## [DATA SECTION]

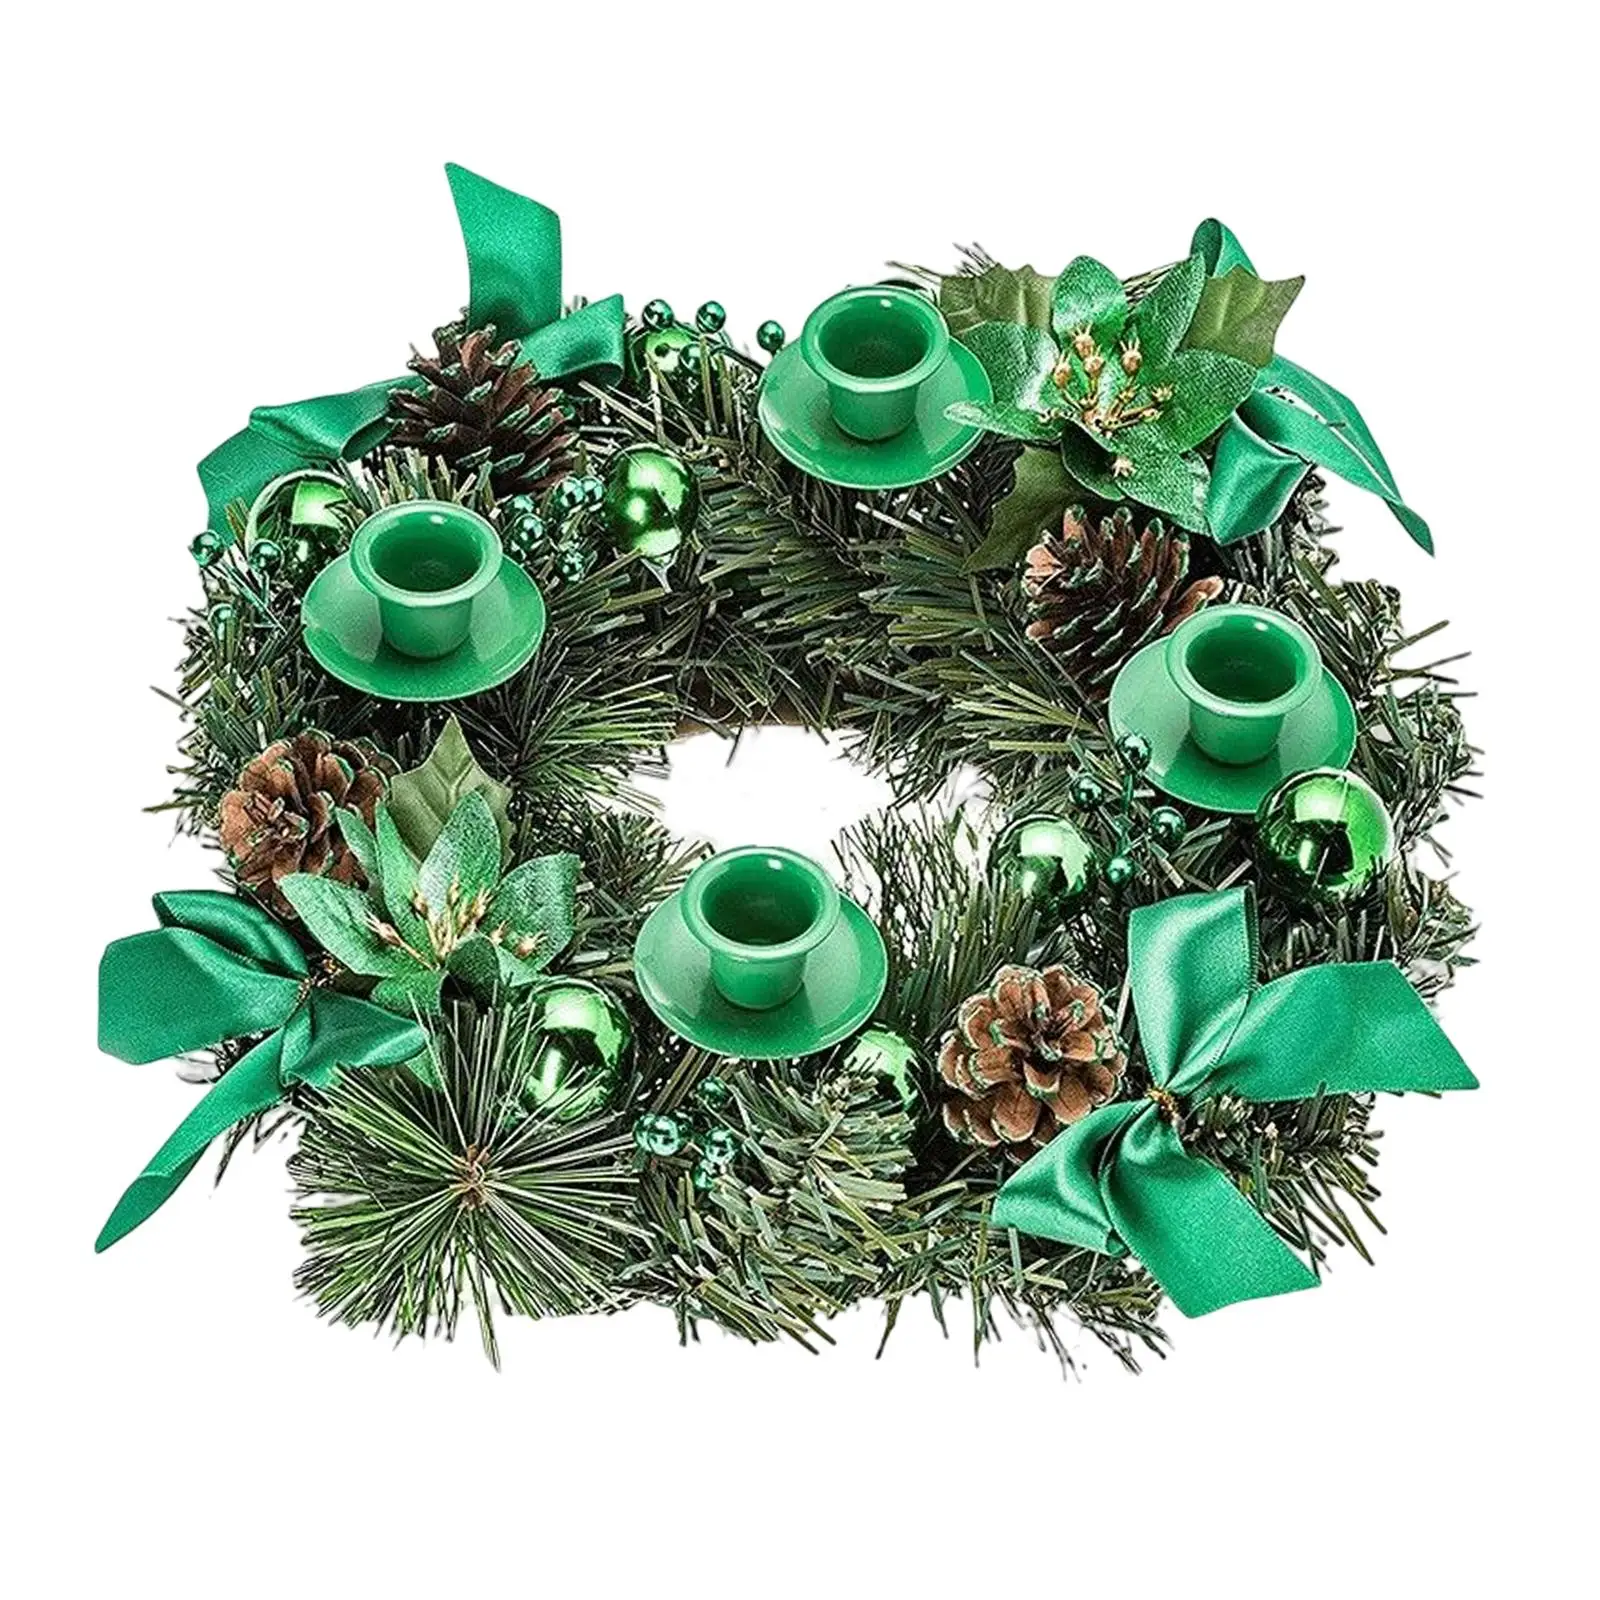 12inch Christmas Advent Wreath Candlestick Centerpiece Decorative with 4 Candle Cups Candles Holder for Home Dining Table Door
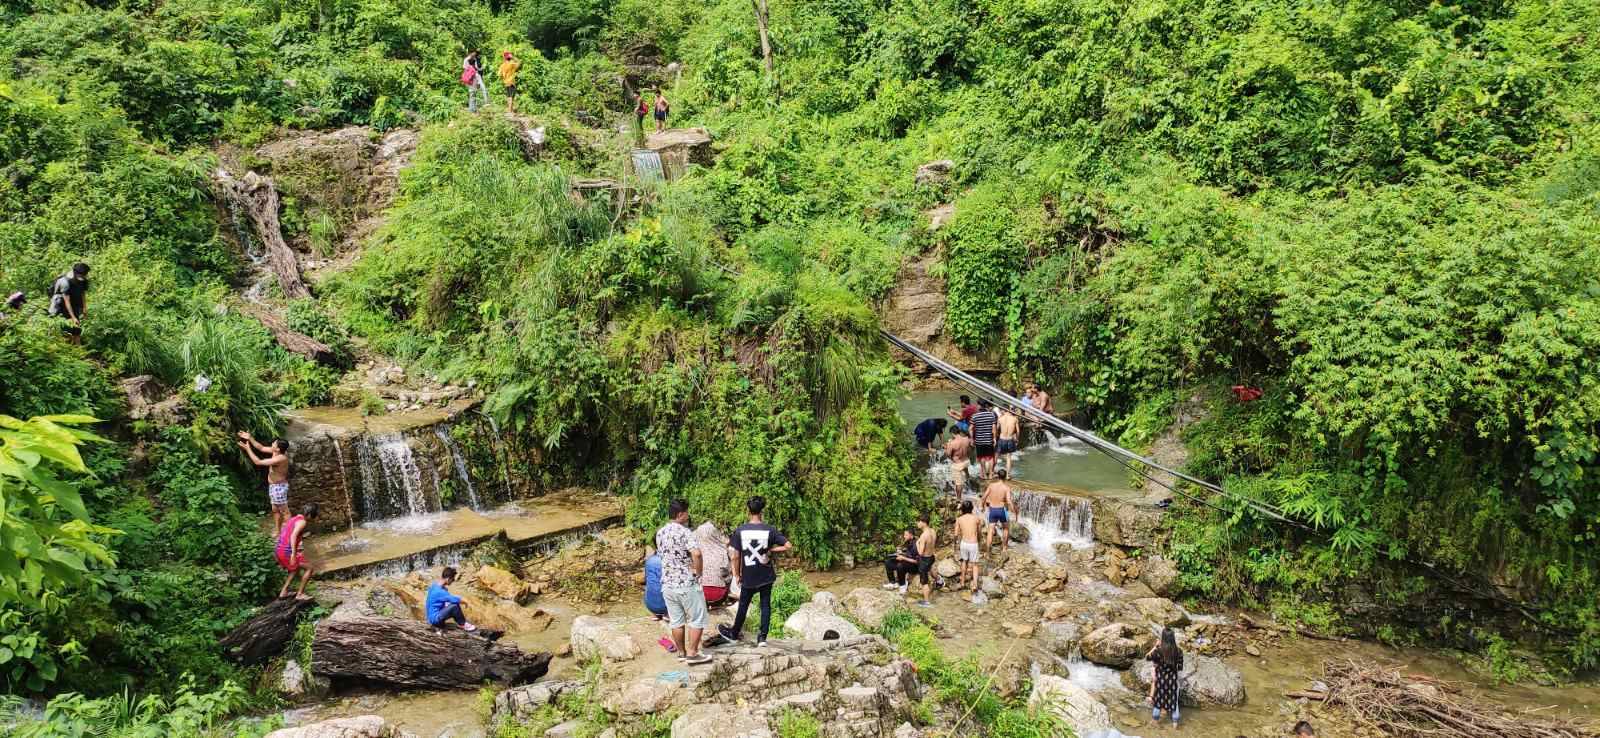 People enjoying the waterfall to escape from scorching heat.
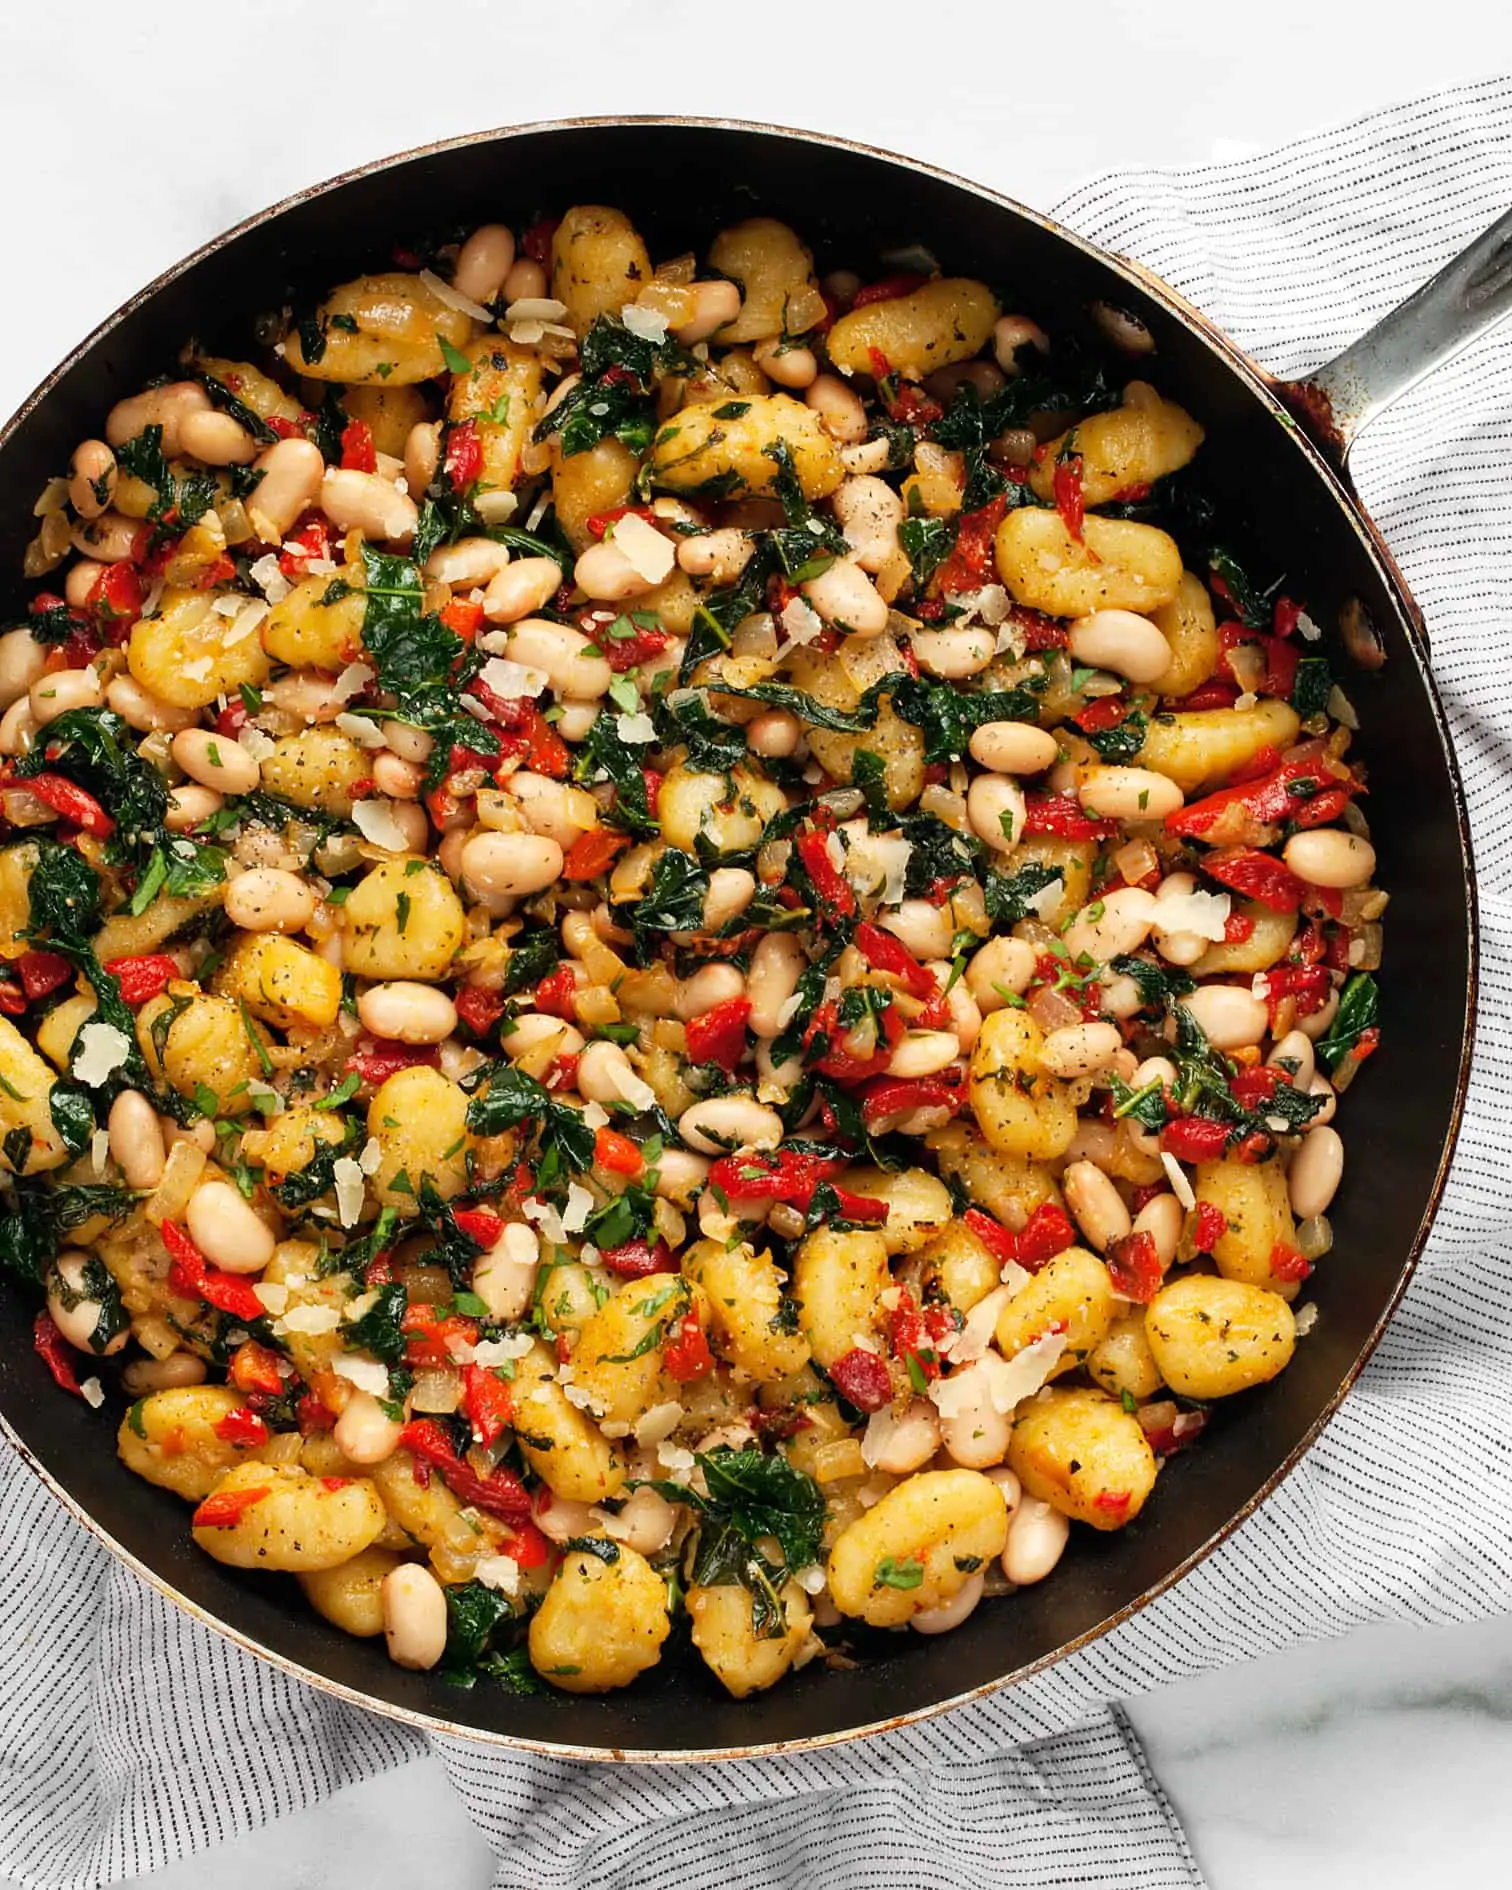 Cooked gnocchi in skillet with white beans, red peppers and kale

## [YOUR TASK]
The copy must begin at the line containing "People enjoying the" and end at the last line of the data above, with every line retyped exactly and no pictures included.

## [ANSWER FOR THIS EXERCISE]
 People enjoying the waterfall to escape from scorching heat.
 Cooked gnocchi in skillet with white beans, red peppers and kale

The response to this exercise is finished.